Crowe agreed. “Some of [the human antibodies] are extremely potent, some of the most potent antivirus antibodies ever isolated. Some of these antibodies possess the two major qualities you want to see in a therapeutic treatment—potent neutralization and breadth of activity against multiple Ebolavirus species.”
A recent study showed that serum isolated from Ebola survivors did not improve patient prognosis. But Mapp Biopharmaceutical’s cocktail of three mouse-derived, humanized monoclonal antibodies against Z. ebolavirus, ZMapp, was last year shown to be an effective treatment in Ebola-infected macaques. “Our goal for the second generation ZMapp product is a pan-Ebola virus antibody cocktail,” Zeitlin told The Scientist. The results of the present study, he added, “provides proof-of-concept for our effort.”
“The previously developed mouse monoclonal antibodies that were part of ZMapp were a solid start,” said Crowe. “But now, this study with antibodies from human survivors shows that we may have been underestimating the ability of antibodies to kill Ebola.”

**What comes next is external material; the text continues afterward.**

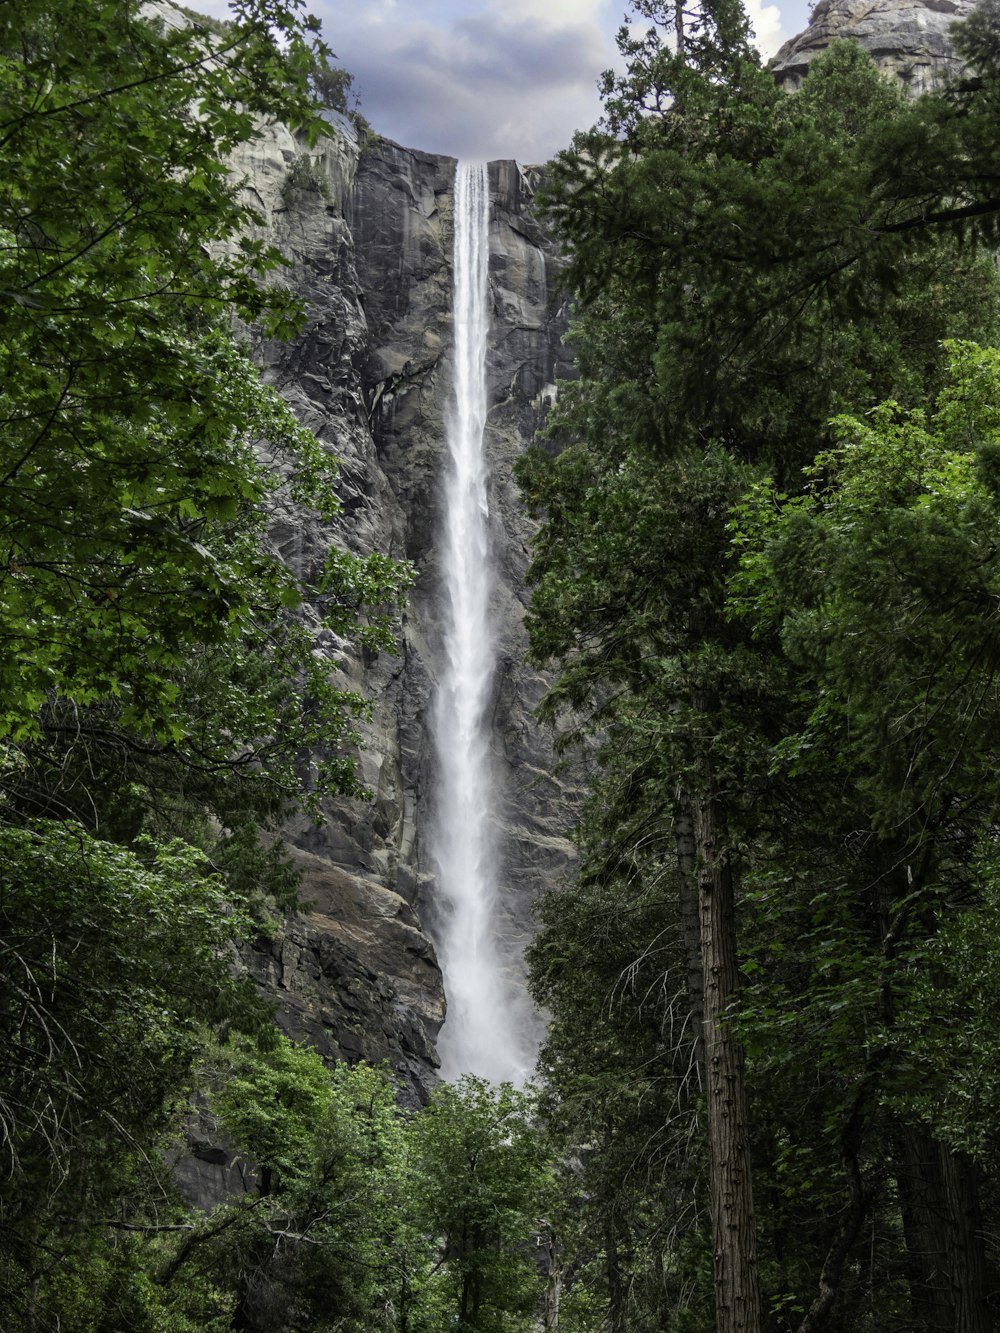 a tall waterfall towering over a lush green forest

The Ebola epitopes to which the cross-reactive antibodies bind will not only be helpful to develop new antibody cocktails as treatments but also point to a vaccine that could be used for multiple Ebola species. “This is the deeper implication of this work,” said Crowe.
Crowe, Bukreyev, and their colleagues are now isolating and analyzing antibodies against Z. ebolavirus strains from the most recent outbreak. The researchers are also looking to combine the two types of therapies that have so far been shown to be most potent against Ebola, for a one-two punch: antibodies, which can neutralize already formed viral particles, and small interfering RNAs (siRNAs) that block viral replication.
The ultimate test will be whether the antibodies might be used in a protective vaccine or to treat people infected in the next outbreak. “That is everyone’s goal,” said Hensley. “What we do in animal models is nice, but how does it reflect what will happen in humans?”
A.I. Flyak et al., “Cross-reactive and potent neutralizing antibody responses in human survivors of natural Ebolavirus infection,” Cell, doi:10.1016/j.cell.2015.12.022, 2016.